BARCELONA, Spain (AP) -- In the first horrific moments after the Boston bombing, with smoke still billowing around the wounded, I know what is going through the minds of the maimed victims.

They are at once conscious and unconscious. They want to scream, but they cannot scream. They want to wake up from a nightmare, but they are awake.

Overcome with a sense of deja vu, I feel my past converge with the future of those wounded spectators.

I lost my leg in a bomb blast. I know the violent shock of a day that begins well and ends with an amputation, the fog of drugs and surgery, the months of painful rehabilitation.

I know the suffering that lies ahead for these people in Boston. And I know the possibilities, too.

For those who lost a limb or more in the Boston Marathon, Monday, April 15, 2013, was the day their world changed forever.

Mine changed on Tuesday, Aug. 11, 2009. I had been embedded with the U.S. military for two weeks in southern Afghanistan as a photographer for The Associated Press, and this was to have been my last patrol before going home. It had been a long day in the open desert of Kandahar province and I was whipped, barely awake, in fact, when our eight-wheel armored Stryker vehicle hit a roadside bomb and flipped over, knocking me unconscious.

When I came to, I tried to get up but couldn't; my left foot was hanging by a few tendons. I felt brutal pain, like an electric shock, that began in my leg and swept through the rest of my body. Lying inside the vehicle, I thought of my wife, and willed myself to stay alive.

Eventually, a soldier found me and tied on a tourniquet.

In my years as a photojournalist, I'd taken many pictures of wounded soldiers and victims of suicide bombers. I had covered medical evacuations from Afghanistan, Pakistan and the Palestinian territories, and found it odd to suddenly be among those pulled from an inferno and carried on a stretcher -- along with two other soldiers and AP Television News videographer Andi Jatmiko.

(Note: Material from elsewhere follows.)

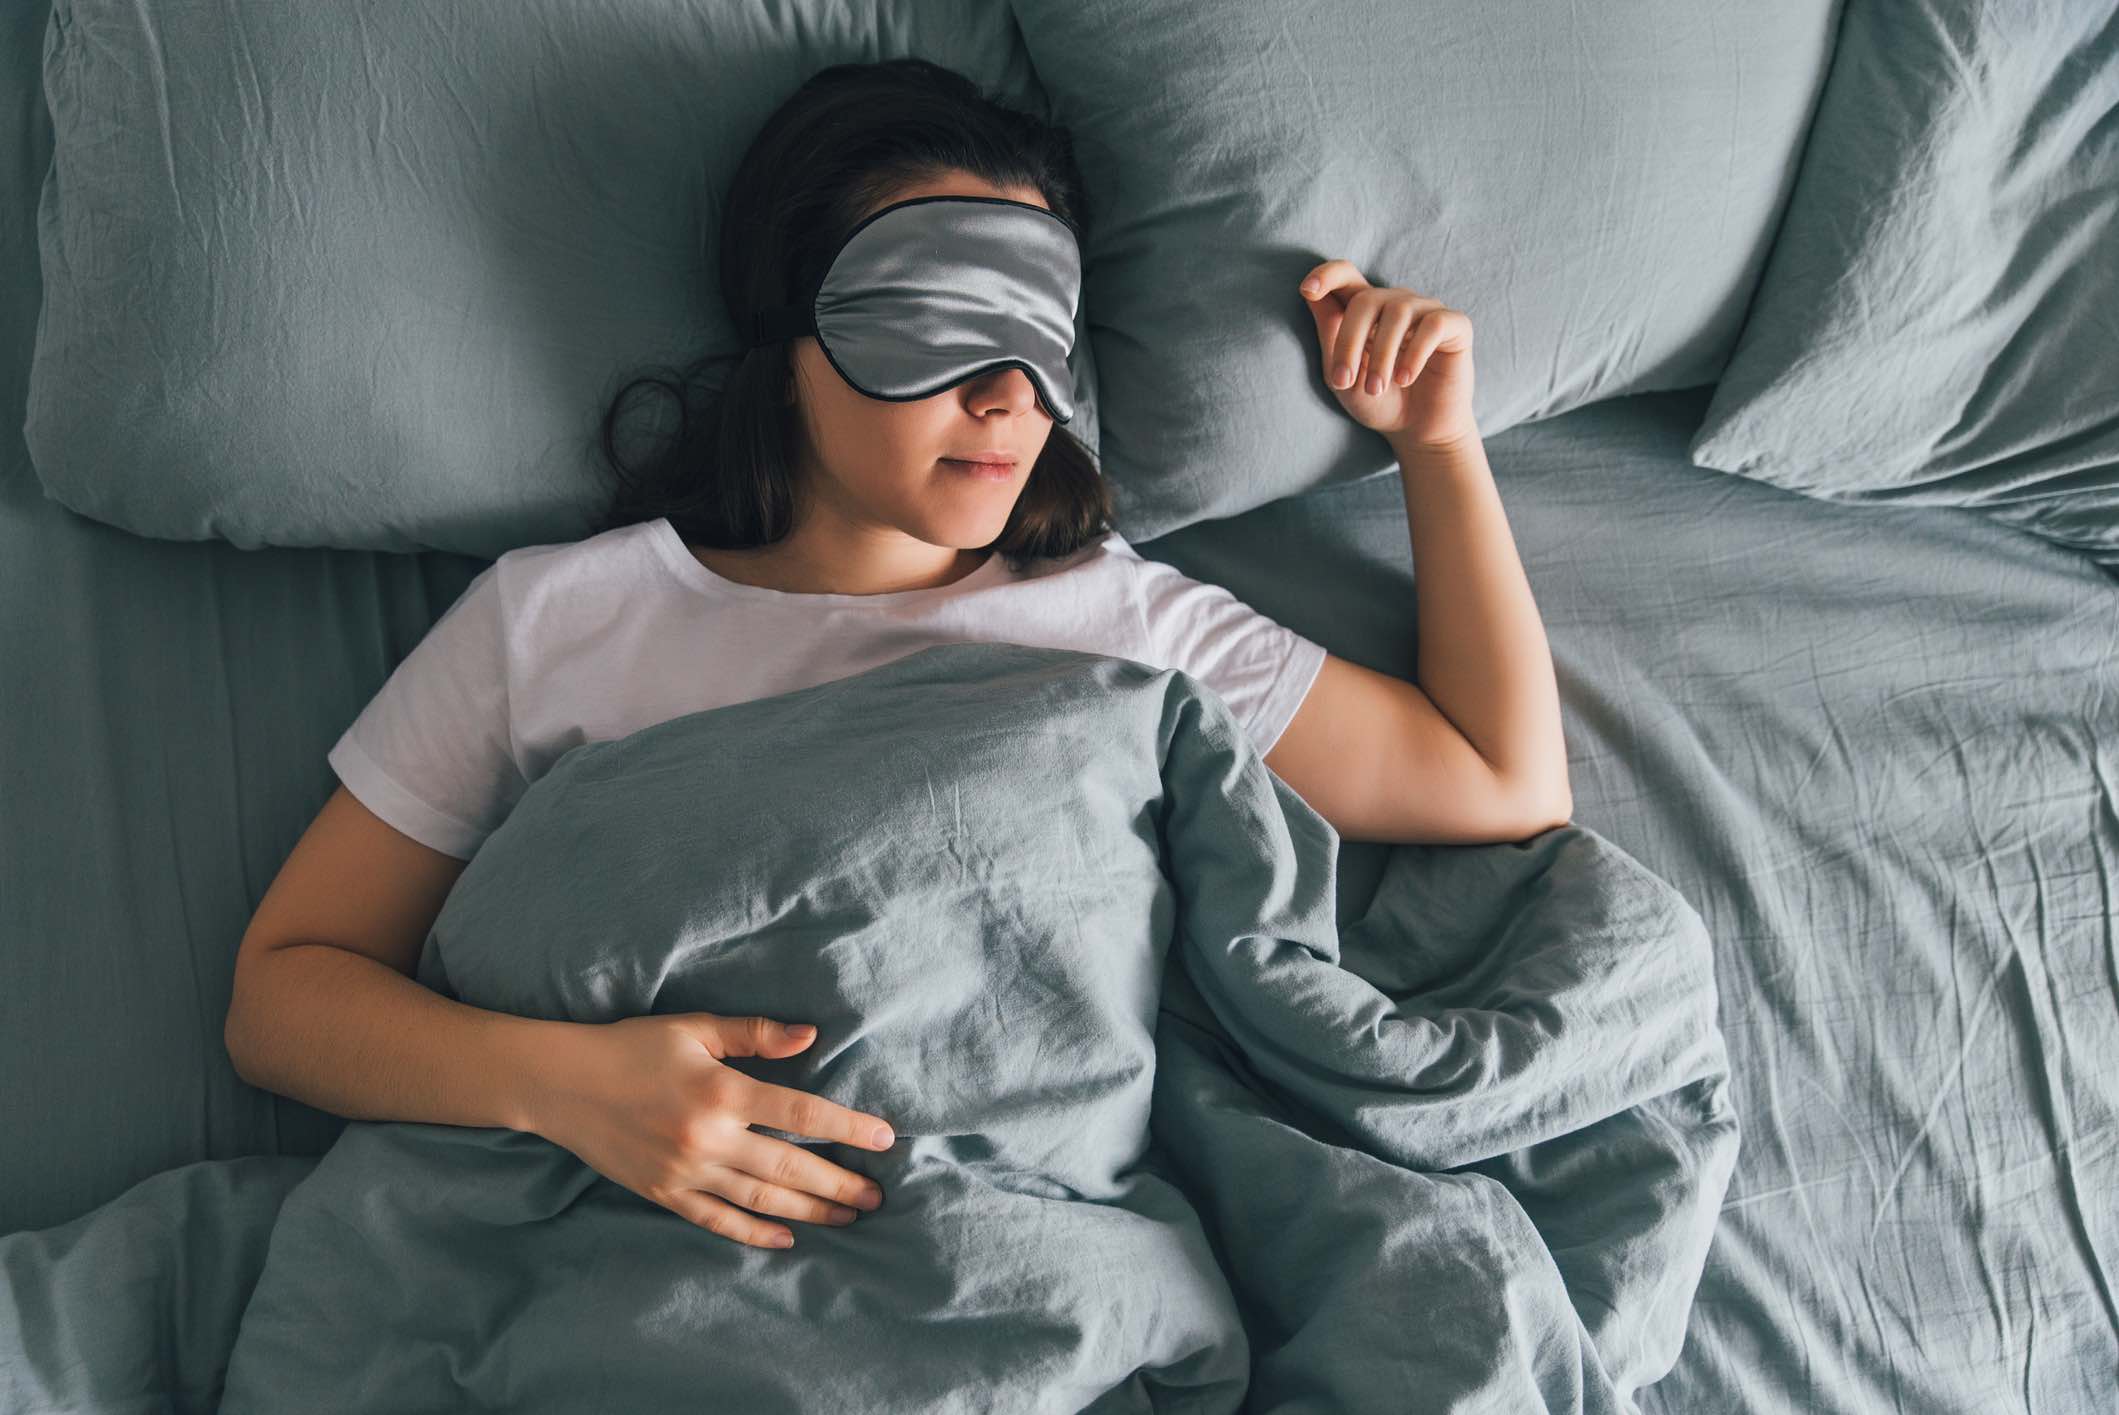 How Sleep Cycle Can Depict Personality Traits, Explains This Study

They loaded me onto a helicopter next to a soldier who had lost both of his legs and we locked hands as the chopper took off for the provincial capital of Kandahar. The solidarity in that moment is the last thing I remember before waking up in a hospital tent to find my left leg had been amputated below the knee. There was no option to save it, doctors told me. Bone and tissue were destroyed by shrapnel. But fortunately my knee was intact, and that would make a substantial difference in my future mobility, they explained.

That offered little comfort as I lay alone and exhausted in a hospital bed in Afghanistan. I had so many questions about life with just one leg but I preferred sleep to thinking about my uncertain future.

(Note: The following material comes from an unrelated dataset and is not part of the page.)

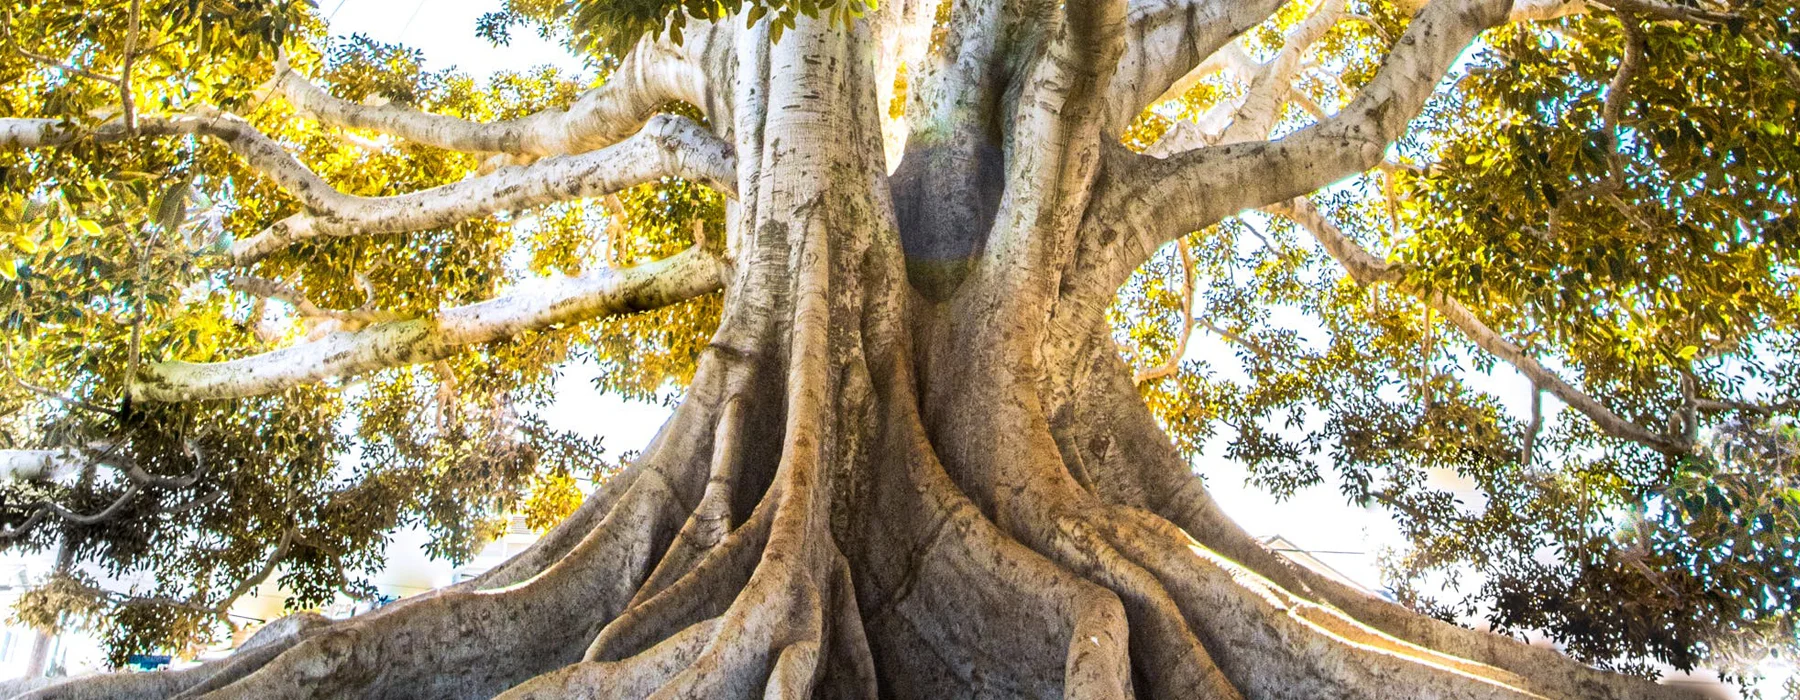 A large tree viewed from the ground showing the intricate strength of its root system and large branches.

The difference between those who lost limbs in Boston and me is that I knew I was taking a risk in a war zone and assumed it willingly, while they had merely gone out to cheer friends and relatives at a family sporting event.

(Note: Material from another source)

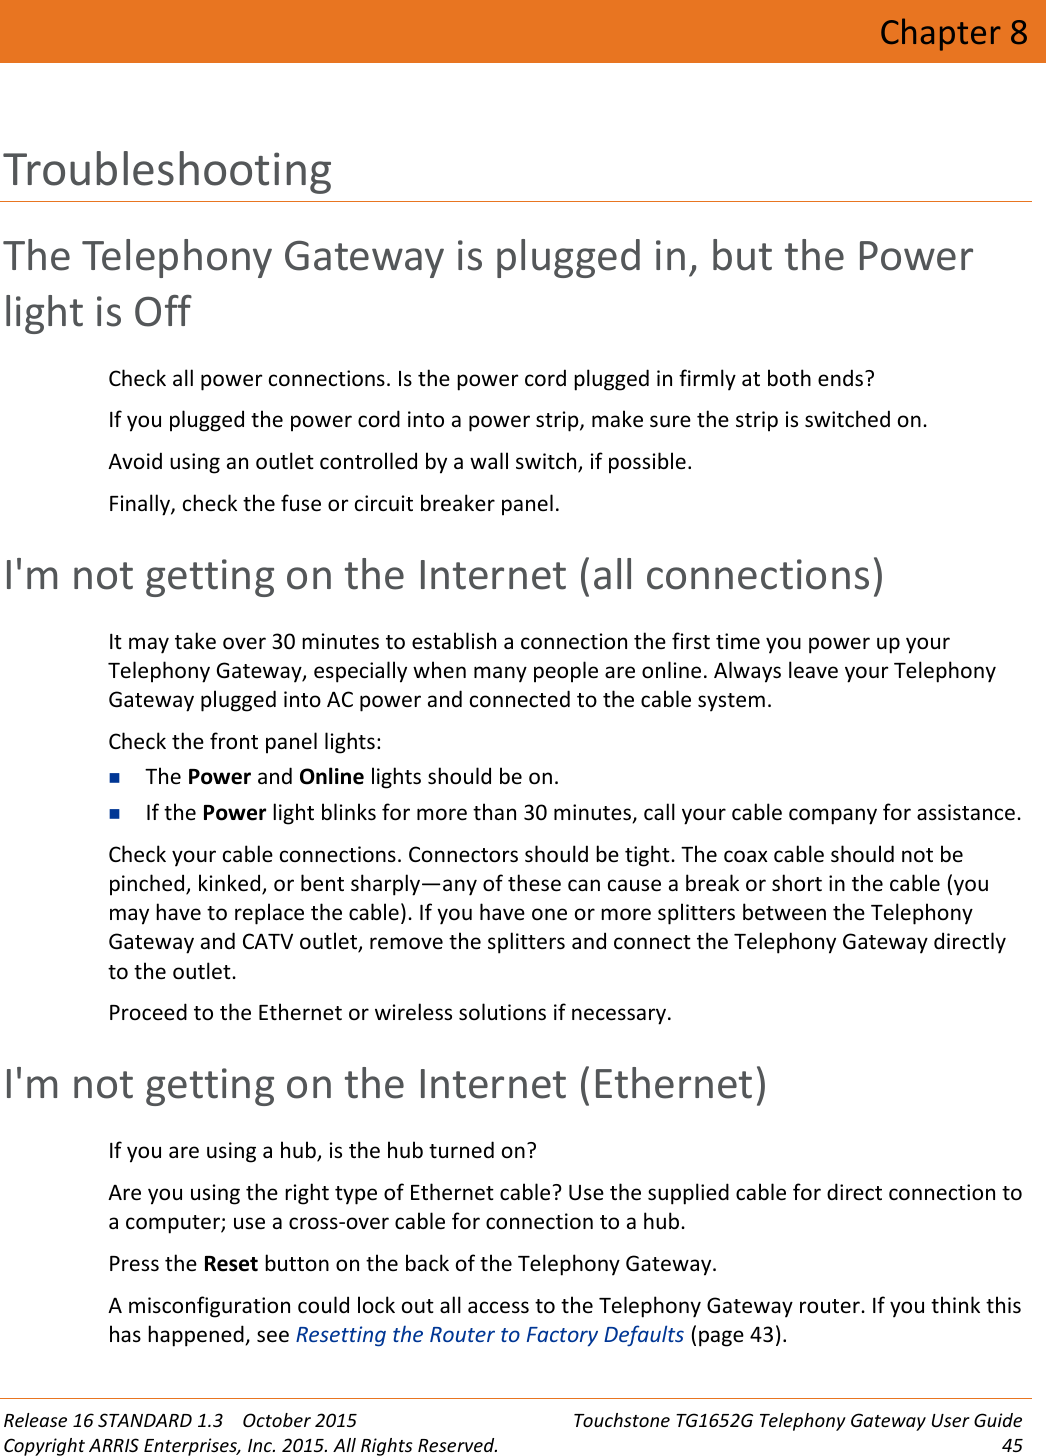 Release 16 STANDARD 1.3 October 2015 Touchstone TG1652G Telephony Gateway User GuideCopyright ARRIS Enterprises, Inc. 2015. All Rights Reserved. 45Chapter 8TroubleshootingThe Telephony Gateway is plugged in, but the Powerlight is OffCheck all power connections. Is the power cord plugged in firmly at both ends?If you plugged the power cord into a power strip, make sure the strip is switched on.Avoid using an outlet controlled by a wall switch, if possible.Finally, check the fuse or circuit breaker panel.I&apos;m not getting on the Internet (all connections)It may take over 30 minutes to establish a connection the first time you power up yourTelephony Gateway, especially when many people are online. Always leave your TelephonyGateway plugged into AC power and connected to the cable system.Check the front panel lights:The Power and Online lights should be on.If the Power light blinks for more than 30 minutes, call your cable company for assistance.Check your cable connections. Connectors should be tight. The coax cable should not bepinched, kinked, or bent sharply—any of these can cause a break or short in the cable (youmay have to replace the cable). If you have one or more splitters between the TelephonyGateway and CATV outlet, remove the splitters and connect the Telephony Gateway directlyto the outlet.Proceed to the Ethernet or wireless solutions if necessary.I&apos;m not getting on the Internet (Ethernet)If you are using a hub, is the hub turned on?Are you using the right type of Ethernet cable? Use the supplied cable for direct connection toa computer; use a cross-over cable for connection to a hub.Press the Reset button on the back of the Telephony Gateway.A misconfiguration could lock out all access to the Telephony Gateway router. If you think thishas happened, see Resetting the Router to Factory Defaults (page 43).

They weren't supposed to be in danger.

I was a photographer documenting soldiers at war and everyday life for civilians under fire. But before violence grabs you, does anyone really believe he will become one of the dead or wounded? No. Nothing had happened to me on dozens of previous patrols with the military through hostile lands. And while I suspected I was playing a kind of Russian roulette, I also told myself that car accidents happen every day and most people don't stop driving because of that.

For months after the explosion I was tortured by so many "what ifs." What if I had stayed back to pack rather than going on patrol that day? What if I had sat a little bit to the right, would the shrapnel have missed my leg? Or if I had sat to the left, would I have lost both legs like the soldier next to me?

I imagine those in Boston whose bodies were torn up by nails or the blasts have similar thoughts: Why didn't I stand at mile 25, go for water, leave earlier, stay home? I would like to tell them that these questions fade as one begins to accept the reality of losing a limb.

The morphine they gave me to dim the pain of my amputation sapped my energy. I wanted off it so I could start my recuperation with all my strength and walk as soon as possible. I am a Spanish citizen, not American, and was lucky that the AP was able to work bureaucratic miracles to get me admitted to the Walter Reed National Military Medical Center, one of the world's best rehab hospitals.